In Iraq, “[w]e saw a lot of Iraqi government responsibility being shouldered there,” Lynch said, adding that much of the security appeared to be handled by Iraqi police and the national army.

“There’s still sporadic violence, no question. But most of that is by Ba’athist and terrorist elements against the Iraqi security forces,” he said, referring to the regime that was tossed out of power by U.S. forces. “They seem to be handling it pretty well.”

Lynch and the delegation met with Iraqi President Jalal Talabani, whose son is expected to meet with Lynch in Washington soon. The delegation also met with Iraq’s speaker of the House and a council of ministers.

“We’re engaged in a Congress-to-Congress dialogue, trying to help them with some governance issues,” said Lynch, who also represents Needham, Brockton, Braintree and Randolph, among other cities and towns, as part of the Ninth Congressional District.

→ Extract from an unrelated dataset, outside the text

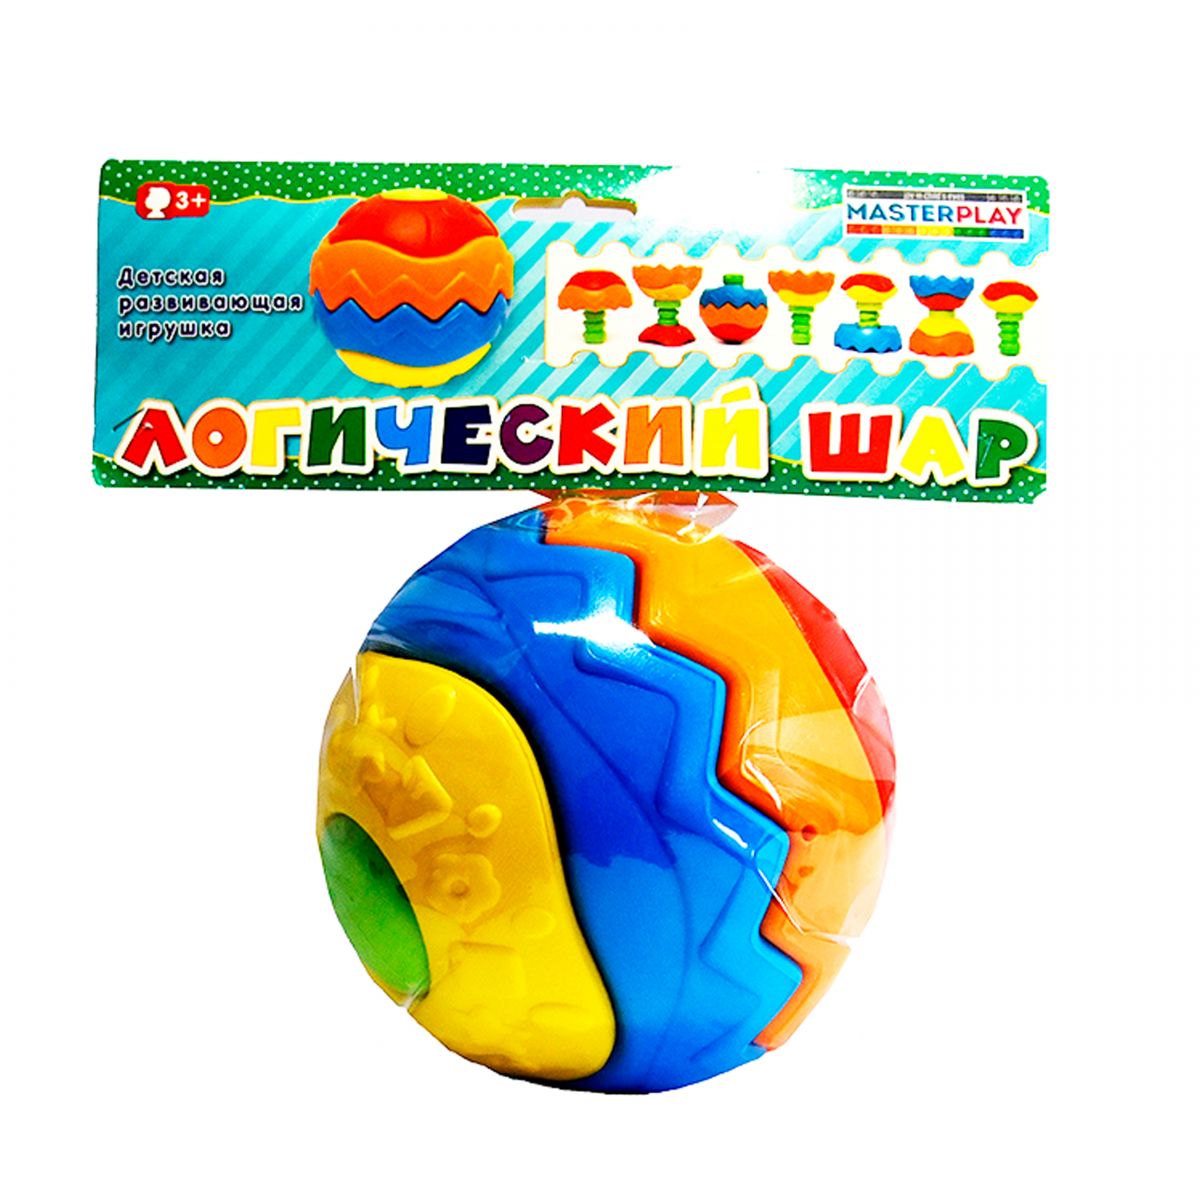 Детская развивающая игрушка "Логический шар"

The delegation also visited Afghanistan’s Kandahar province, where most of the insurgency, made up of Al Qaeda and Taliban fighters, is located. They visited the training center for the Afghani army and the border patrol. They also met with Afghan elders in villages previously controlled by the Taliban.

This was Lynch’s eighth visit to that country where, he said, he met with large contingent of soldiers from Massachusetts, including some from South Boston, Worcester, Fall River, New Bedford and Taunton.

“They’re just doing tremendous work,” he said. “They are true American heroes.”

CORRECTION: Due to an editing error, the article misstated the cost of the Iraq war. The cost will be $6 billion a year by December 2011.